Hostages! We'd be hostages!

“Jack, it is time. You go next.”

Jack didn't move.

“Please, Jack, I do not wish to leave you here. It would be too dangerous. Down the ladder.”

Jack hesitated for a split second and then walked over to the hole in the floor. He started down the ladder, step by step, slowly disappearing into the hole.

“Now you, George.”

I didn't want to go, but I didn't want to stay, either— especially without Jack. I went to the hole and started down. Jack was waiting for me at the bottom.
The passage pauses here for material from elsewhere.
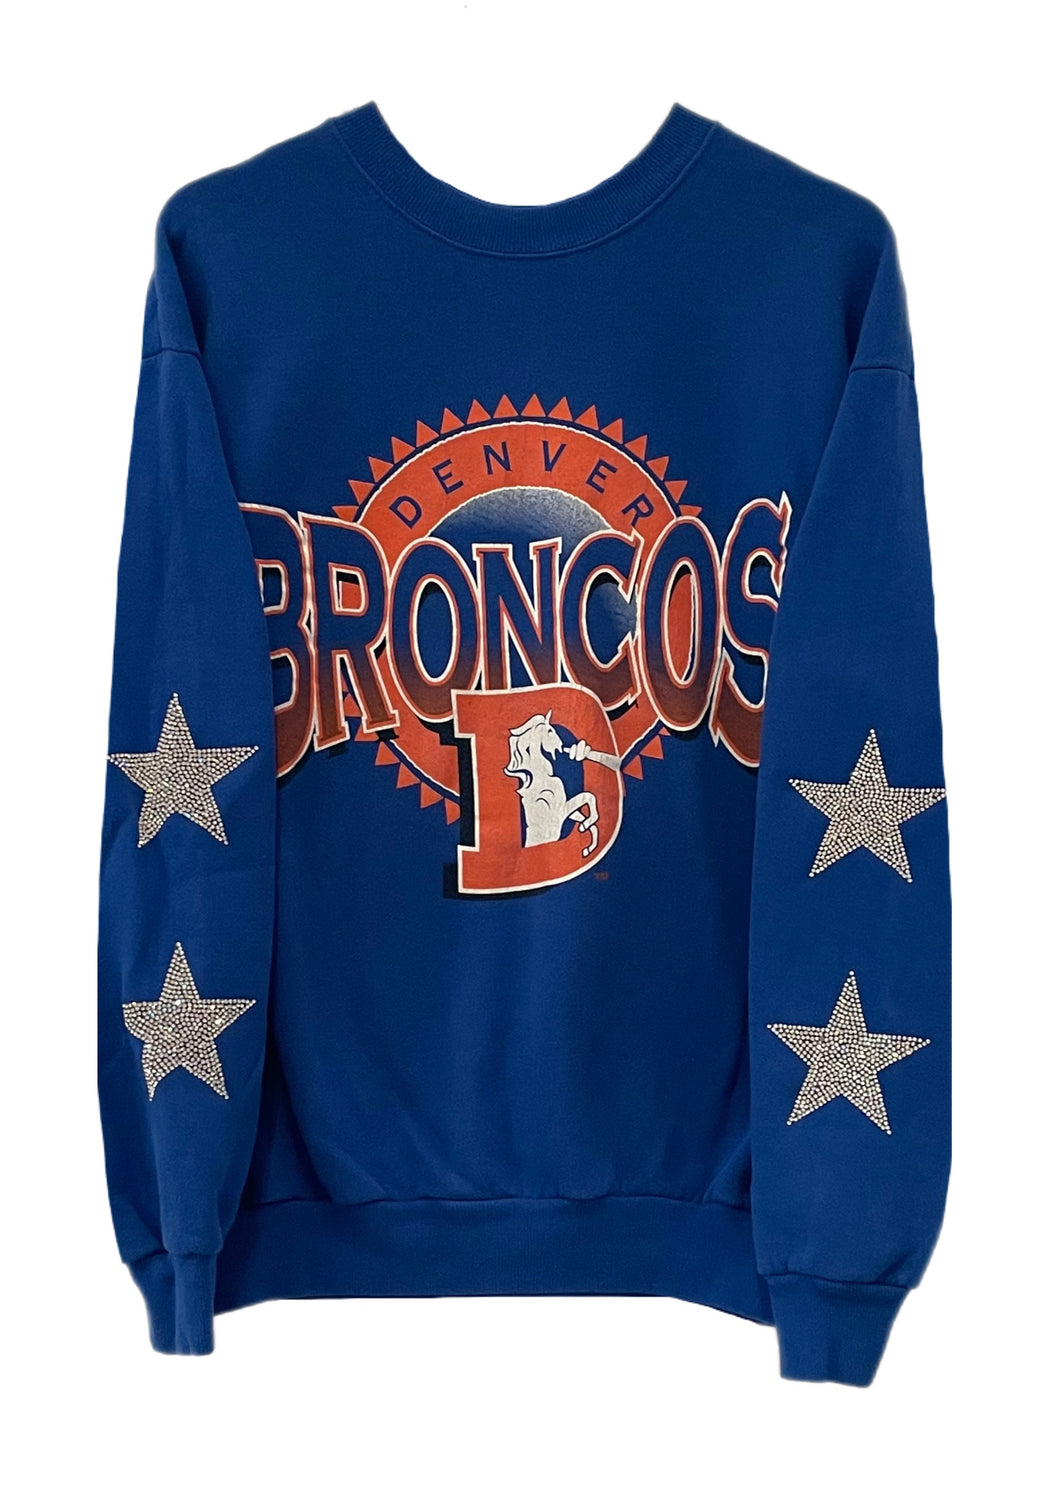 Denver Broncos, NFL One of a KIND Vintage Sweatshirt with Crystal Star Design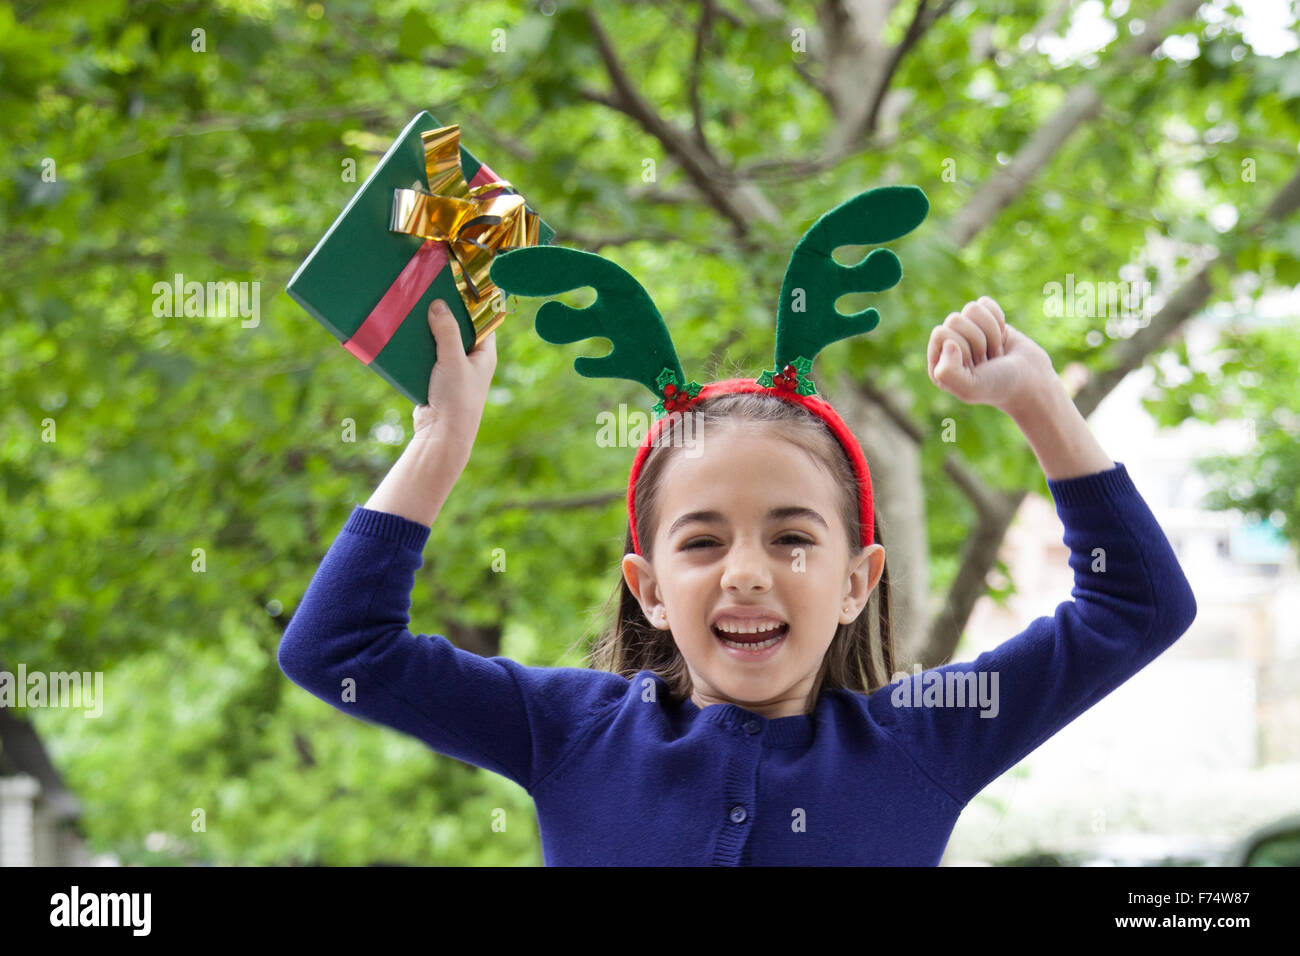 Little girl celebrating christmas Stock Photo

“As soon as you get out of the hole at the other end get ready to run,” Jack whispered in my ear. “There's only the field marshal and he's old. I'm going to knock him down. You have to run for it.”

“But what about you?”

“Don't worry about me. Somebody has to warn the guards. Somebody has to—”

“Is everything all right?” Otto called down the hole.

“Sure. Everything's okay!” Jack yelled back. “My brother is just nervous about going in the tunnel. I told him he'll be fine—he just has to follow me.”

“Good! Listen to your brother, George. Do as he says and everything will turn out for the best!”

Jack nodded at me. “Just be ready. I'll tackle the field marshal as soon as I see your head pop out.”
Jack dropped to his knees and then disappeared into the rectangular opening. I got down on my knees and peered into the passage. It was well lit, with a series of lights hanging from a wire. I could clearly see Jack moving along. I could also see the wooden supports—the wood taken from the attic of the building—at regular intervals. They were keeping the tunnel from collapsing … collapsing and burying anybody who was in it at the time. How many feet of earth would be over my head, and how much would it weigh if it fell in and—?

“It will be fine, George,” Otto said as he reached the bottom.

I nodded.

“I will not allow anything to happen to you boys. You have my word of honour.”

“Really?” I didn't know what to think about Otto any more. And as for honour, was that something I could really count on from an enemy?

He nodded.

“I'll go.” I didn't see that I had any choice. I ducked my head so I could fit into the tunnel opening. Somehow it had seemed bigger when I was just looking at it. I felt my whole body get hot and sweaty. Was there enough air down here?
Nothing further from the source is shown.